Toyota Motor Corporation, on August 6, 2025, cut its annual profit forecast by 15%, citing new US tariffs imposed under President Donald Trump’s administration. The Japanese automaker, reporting in Tokyo, revised its net profit projection from $30 billion to $25.5 billion for the fiscal year ending March 2026. The tariffs, averaging 20% on imported vehicles, have disrupted Toyota’s $60 billion US market, where it sold 2 million vehicles in 2024, accounting for 30% of global sales.

The US policy, targeting Asian manufacturers, raised production costs by 10%, with 50% of Toyota’s US-bound vehicles assembled in Japan. The company’s stock fell 5% on the Tokyo Exchange, reflecting investor concerns over a 25% cost increase for models like the Camry. Toyota plans to shift 20% of production to its US plants, which employ 30,000 workers, but 40% of components remain imported, exposing vulnerabilities.

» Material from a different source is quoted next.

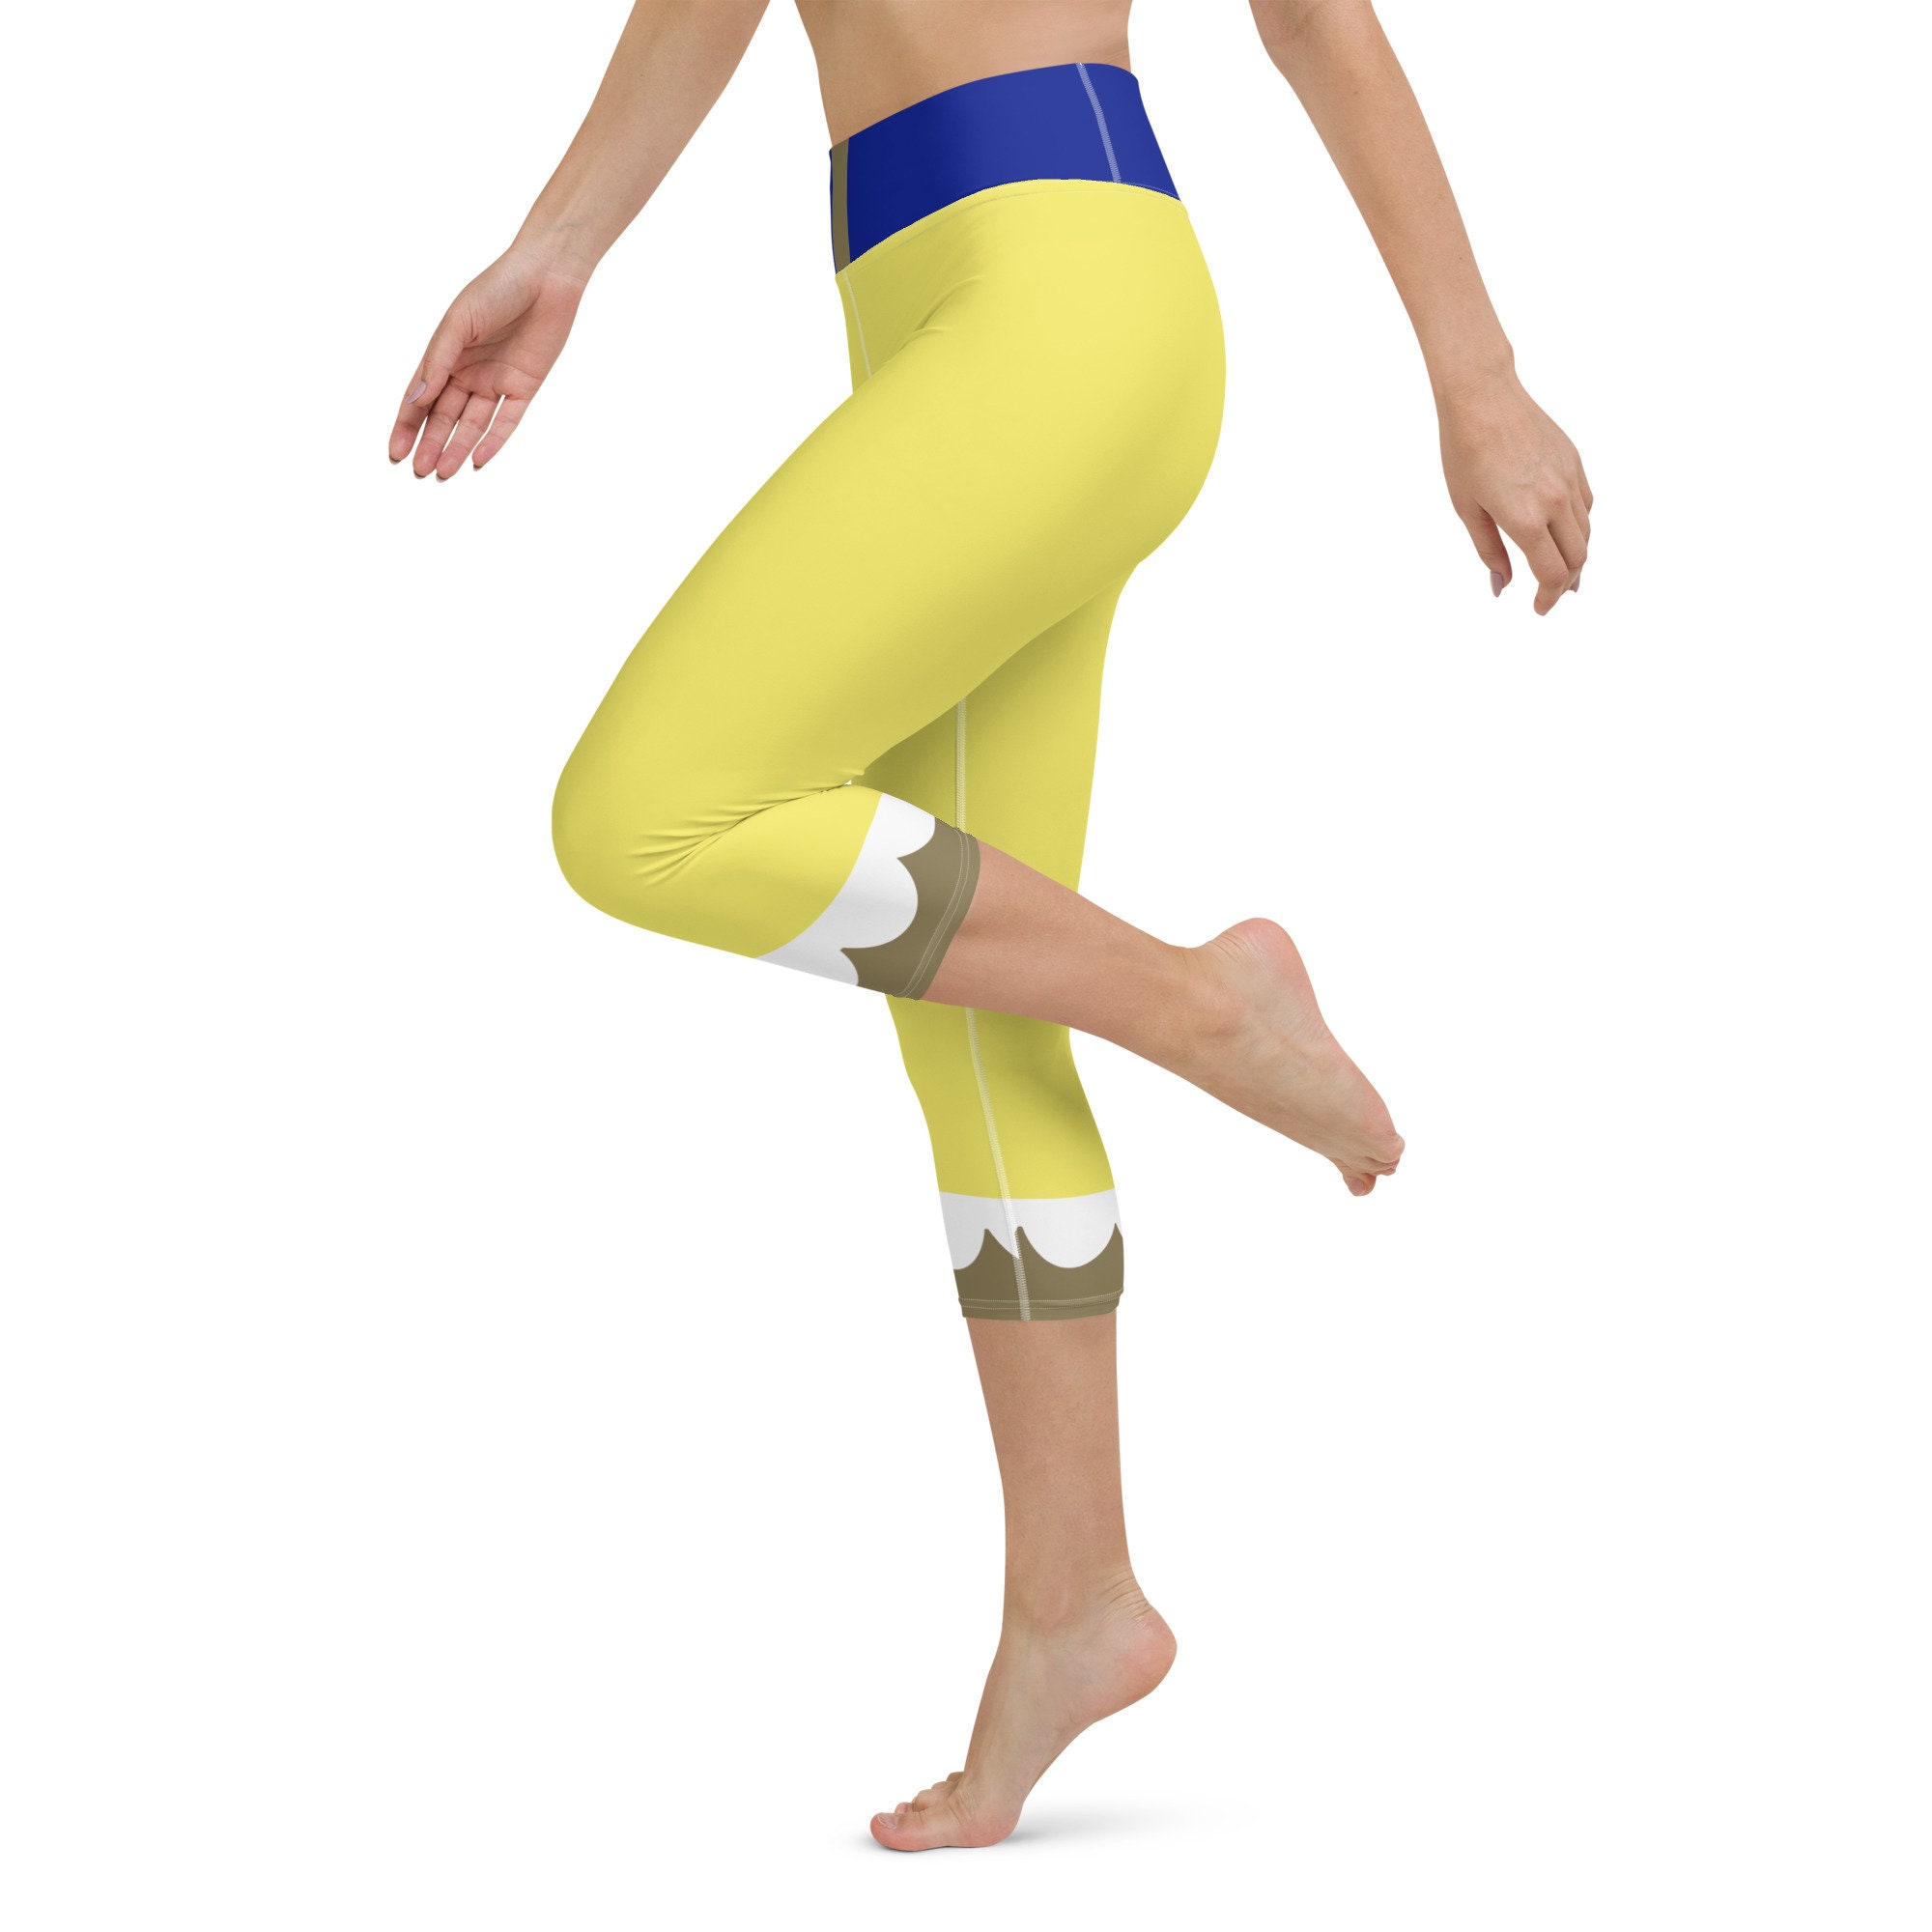 Snow White Inspired Running Costume Yoga Capri Leggings

CEO Koji Sato emphasized cost-cutting, including $2 billion in efficiency savings, to mitigate impacts.

Critics argue Toyota’s slow pivot to electric vehicles, with only 5% of sales electric, compounds tariff woes, as US incentives favor domestic EV makers like Tesla, which holds 50% market share. Japan’s auto sector, contributing 10% to GDP, faces $10 billion in losses, with 70% of analysts predicting further cuts. Toyota’s 2024 hybrid success, with 1 million Prius sales, offers resilience, but 30% of US dealers report declining demand due to tariff-driven price hikes.

The forecast cut, affecting Nigeria’s 50,000 annual Toyota imports, could raise prices by 15%, impacting Lagos’s transport sector. Toyota’s $1 billion investment in US factories aims to counter tariffs, but 20% of global supply chains remain at risk. As trade tensions escalate, Toyota’s strategy tests its dominance in a $200 billion market.